- Directed by: Jagjeet Sandhu
- Written by: Gurpreet Bhullar
- Produced by: KV Dhillon Jagjeet Sandhu
- Starring: Jagjeet Sandhu Dheeraj Kumar Soumyaa Parkash Gadhu Amrit Amby Rupinder Rupi
- Production companies: Geet MP3 Jagjeet Sandhu Films
- Distributed by: Geet MP3
- Release date: 12 June 2026;
- Country: India
- Language: Punjabi

= Oye Bhole Oye 2 =

Upcoming Indian Punjabi-language film

Oye Bhole Oye 2 is an Indian Punjabi-language drama film directed by Jagjeet Sandhu and written by Gurpreet Bhullar. Produced by KV Dhillon and Jagjeet Sandhu under the banners of Geet MP3 and Jagjeet Sandhu Films, the film serves as a sequel to the 2024 film Oye Bhole Oye.
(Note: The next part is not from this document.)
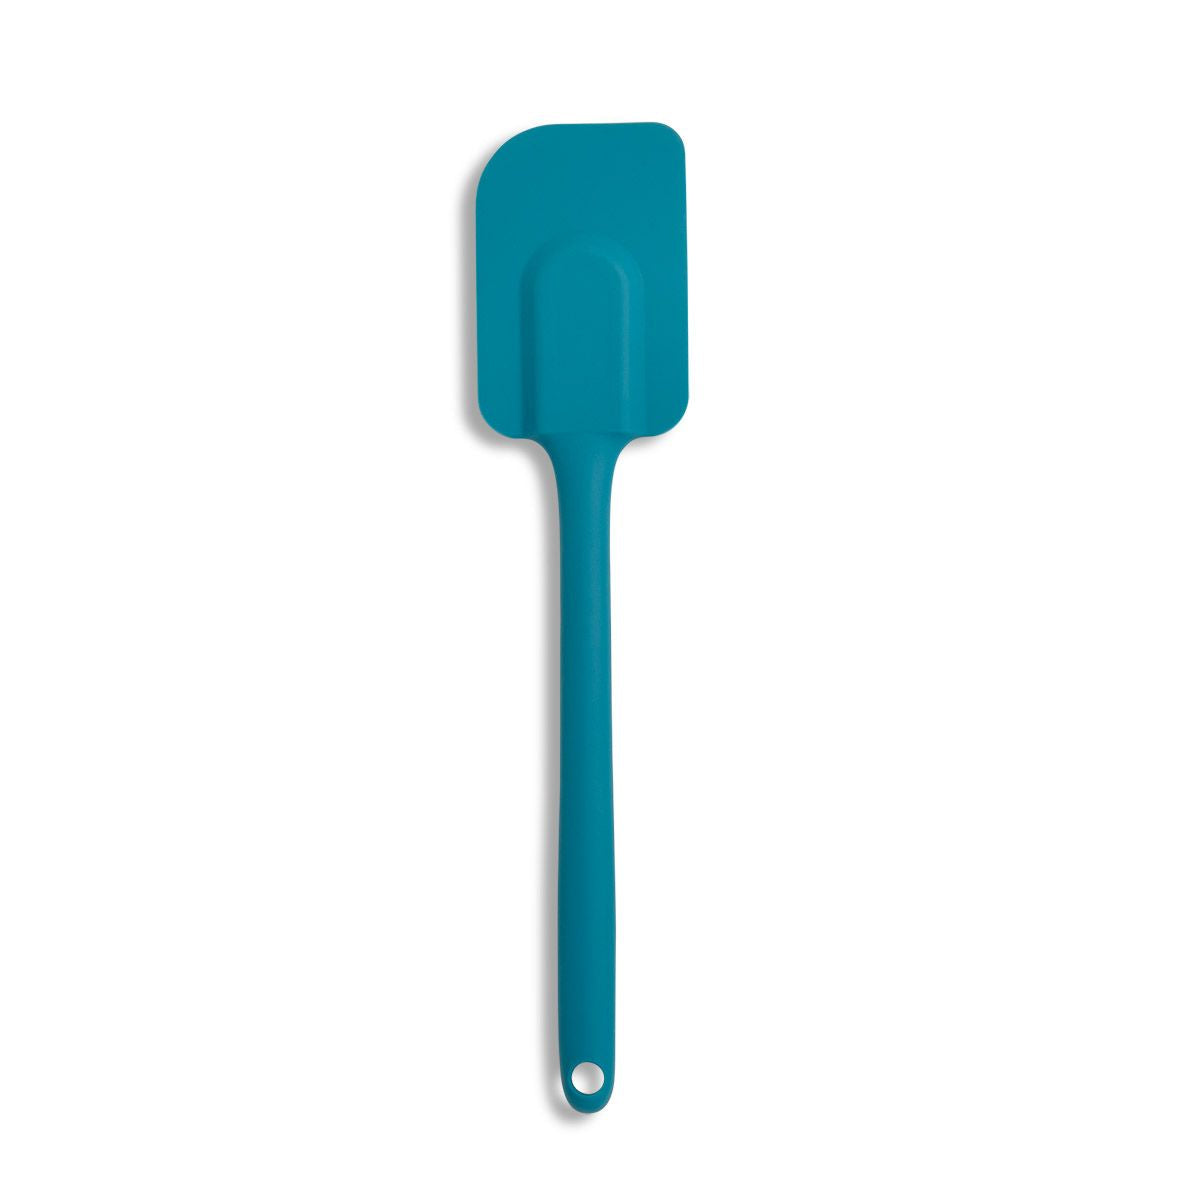 Tombolino Monocromo Pastel - Silicone morbido soft touch - Azzurro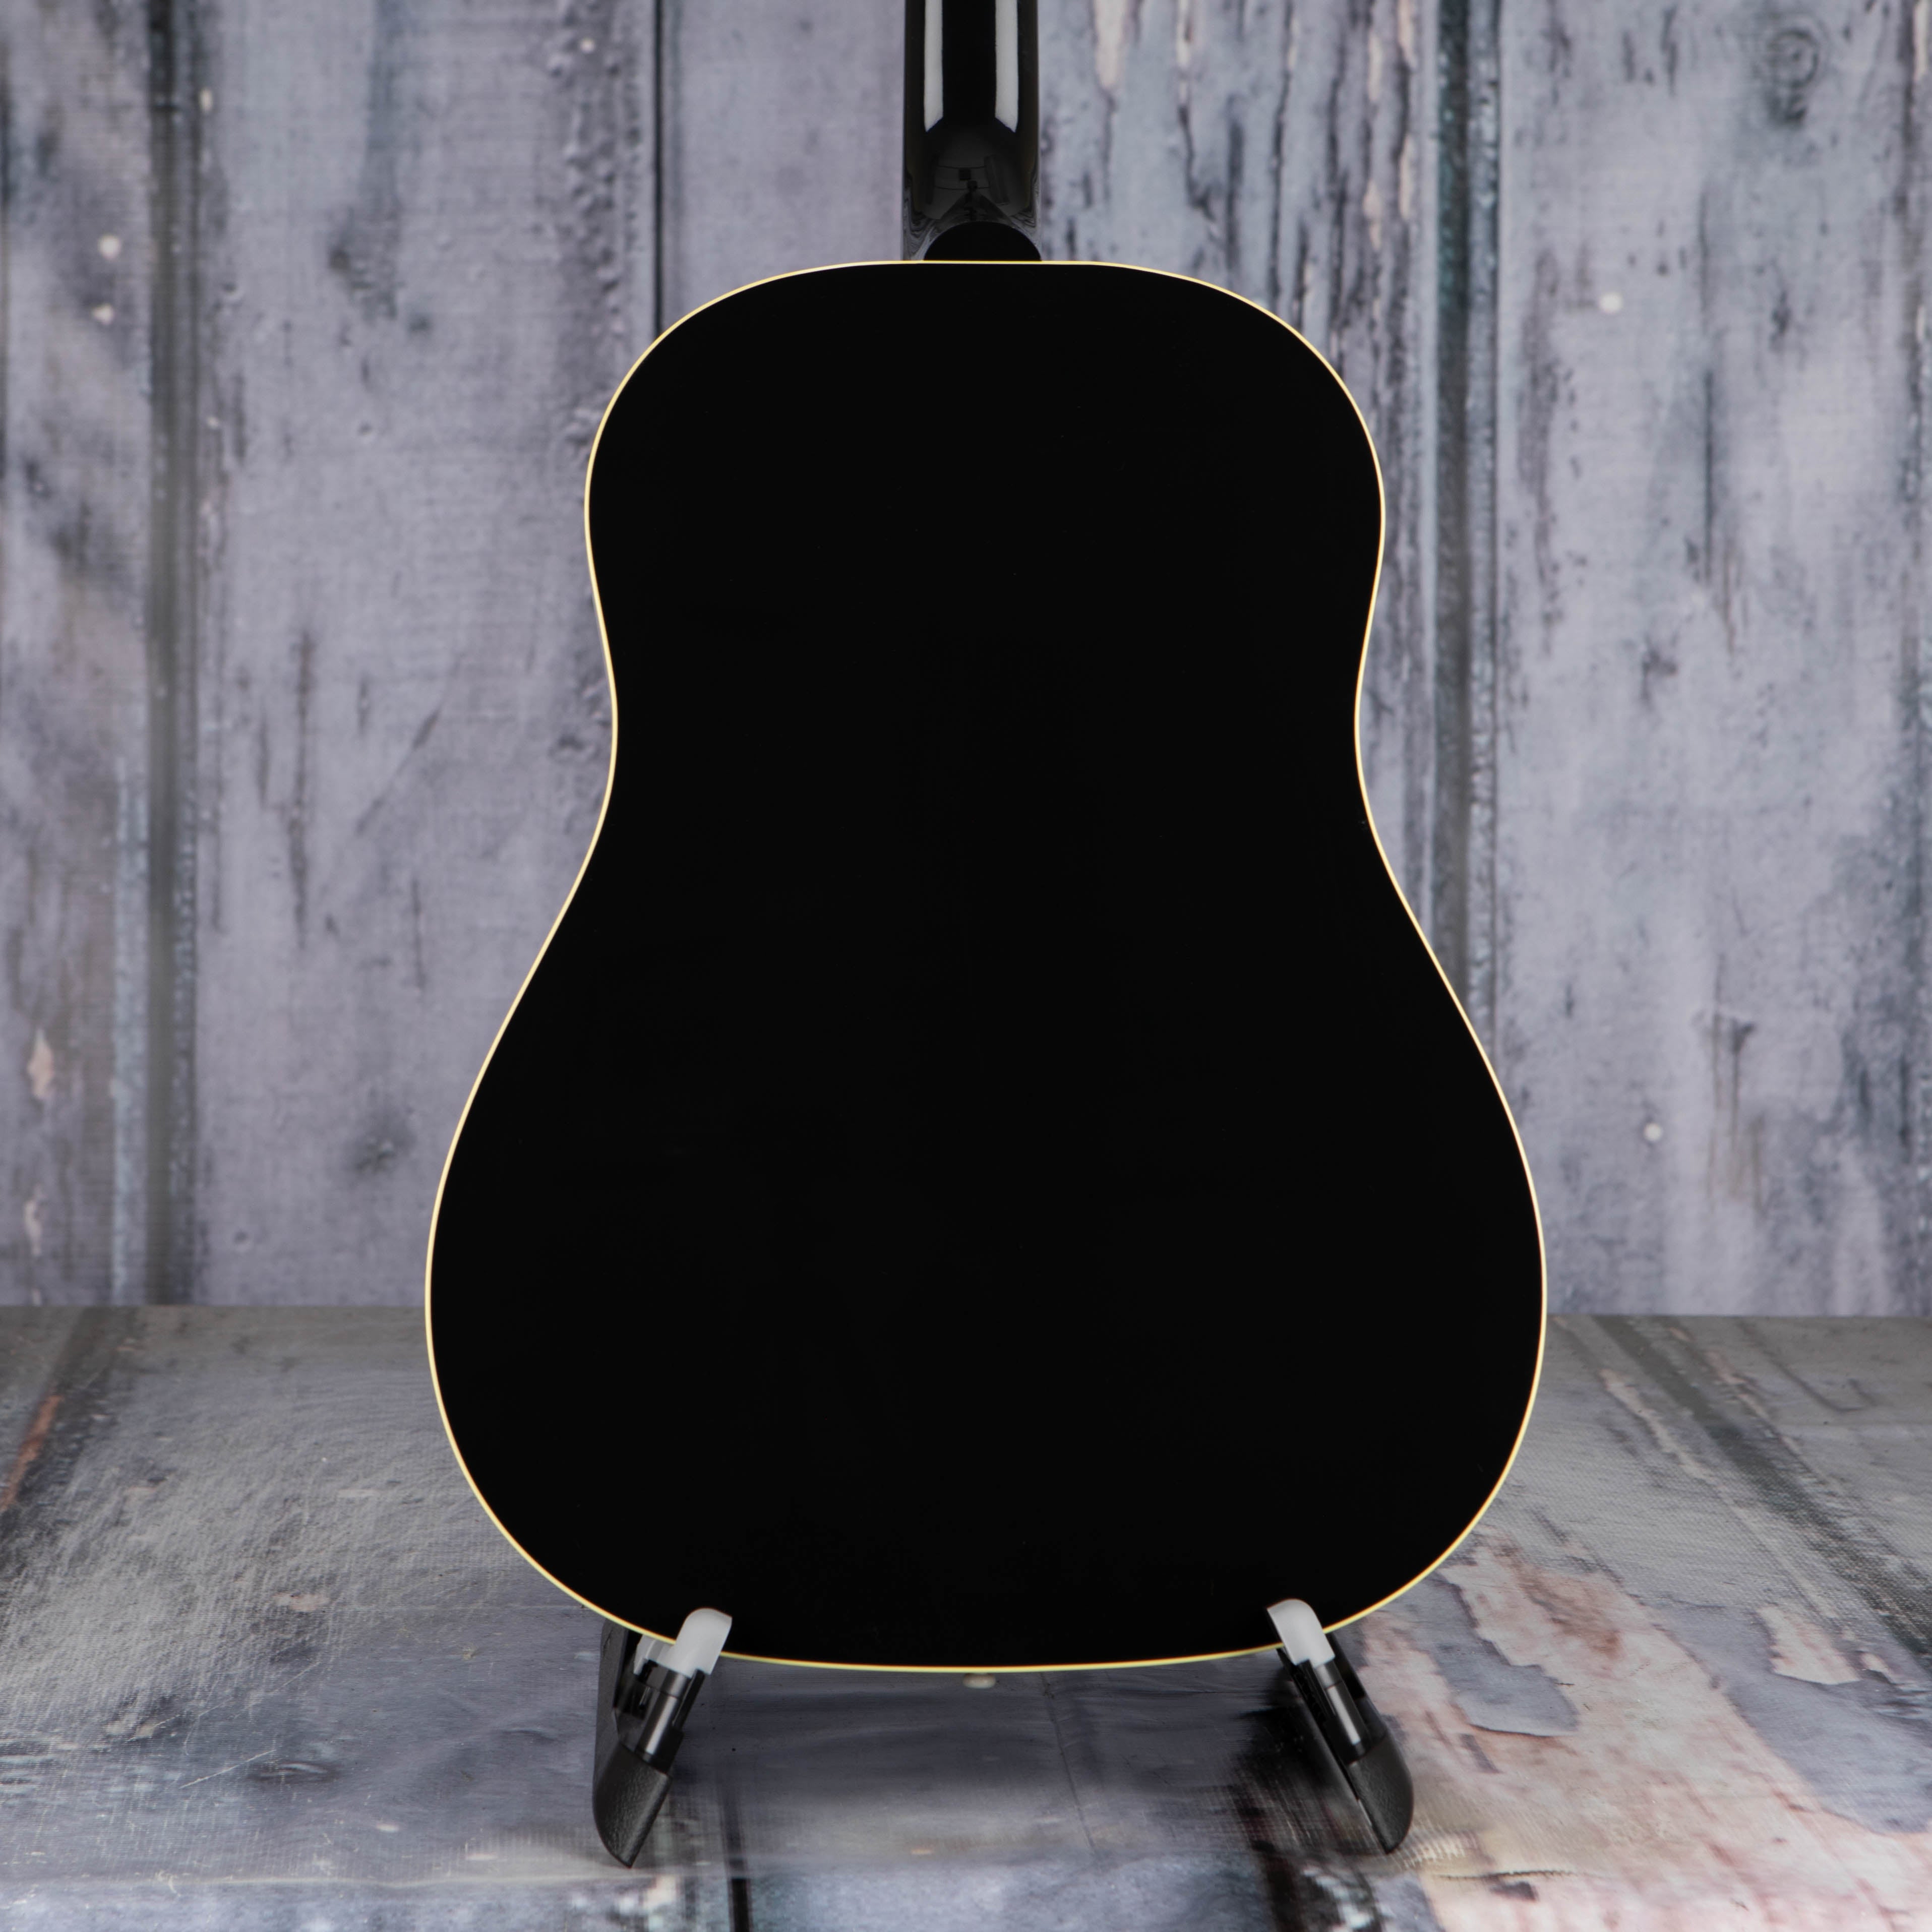 Gibson Montana 60s J-45 Original Acoustic Guitar, Ebony, back closeup

The film stars Jagjeet Sandhu, Dheeraj Kumar, Soumyaa, Parkash Gadhu, Amrit Amby and Rupinder Rupi. It is scheduled to be theatrically released on 12 June 2026.

== Premise ==
A simple village man refuses to sell his ancestral land despite pressure from a powerful company and opposition from his own family. As he stands firm, his resistance develops into a larger struggle to protect his roots and expose the truth behind the project.

== Cast ==

- Jagjeet Sandhu as Bhola
- Dheeraj Kumar
- Soumyaa
- Parkash Gadhu
- Amrit Amby
- Rupinder Rupi
- Pardeep Cheema
- Jarnail Singh

== Production ==
Following the positive response of Oye Bhole Oye, producers KV Dhillon and Jagjeet Sandhu announced the sequel. Sandhu reprises his role as Bhola, while Gurpreet Bhullar returned as the writer for the sequel.

== Filming ==
Principal photography began in Punjab, with the majority of the film shot in and around Mohali and additional sequences were filmed in various villages across the state during different stages of production. Principal photography concluded in early 2026.

== Release ==
The official trailer of the film was released in May 2026. The film is scheduled to be released theatrically in India on 12 June 2026.

== Soundtrack ==
The soundtrack of Oye Bhole Oye 2 features Punjabi-language songs released by Geet MP3.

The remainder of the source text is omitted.